[Opening Data section section]
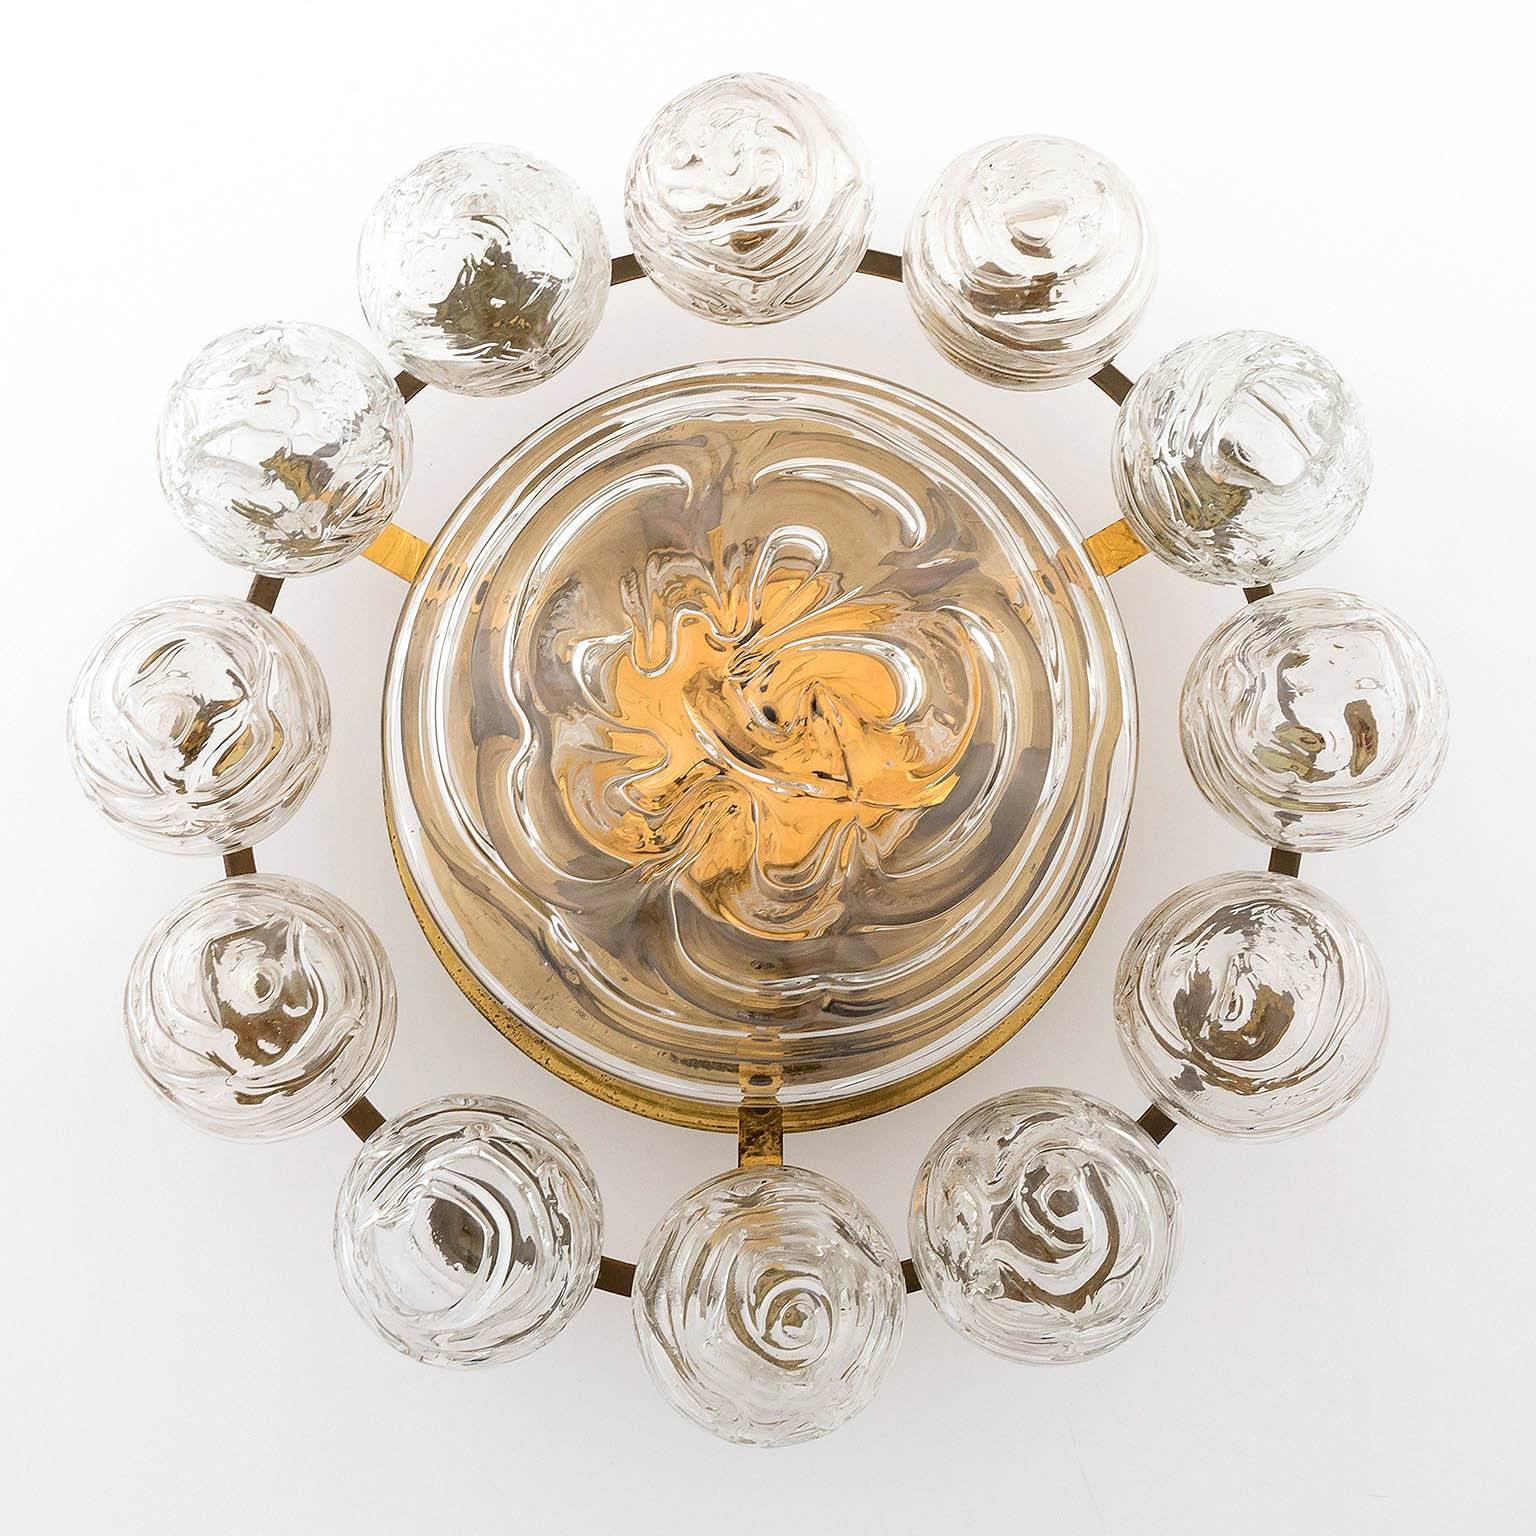 A flush mount light fixture by Doria Leuchten, Germany, manufactured in Mid-Century, circa 1960.
The lamp is made of a brass frame which holds 12 handblown glass balls and one glass disc in the centre. Each glass ball has a diameter of 3.2
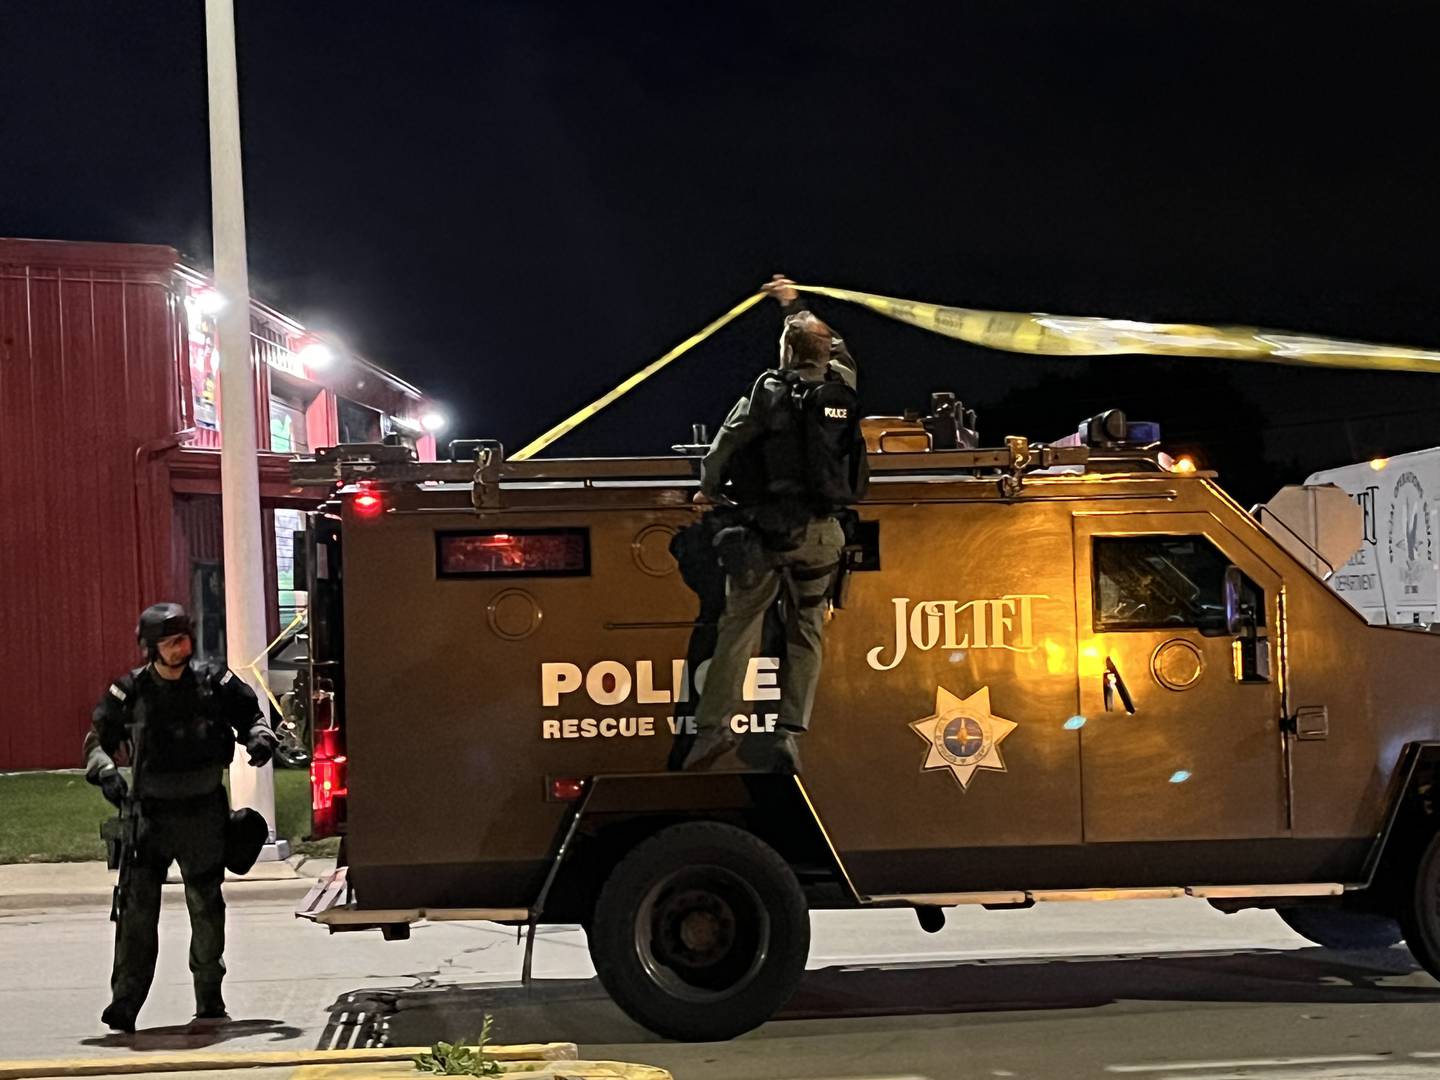 A Joliet police rescue vehicle moves into the scene of an incident at the 200 block of Center Street in Joliet at 10:48 p.m. on Thursday, Oct. 6, 2022.
[Closing Data section section]
Task description = Word-for-word transcript, pictures excluded: copy all the material above.

Response to the exercise =
 A flush mount light fixture by Doria Leuchten, Germany, manufactured in Mid-Century, circa 1960.
The lamp is made of a brass frame which holds 12 handblown glass balls and one glass disc in the centre. Each glass ball has a diameter of 3.2
 A Joliet police rescue vehicle moves into the scene of an incident at the 200 block of Center Street in Joliet at 10:48 p.m. on Thursday, Oct. 6, 2022.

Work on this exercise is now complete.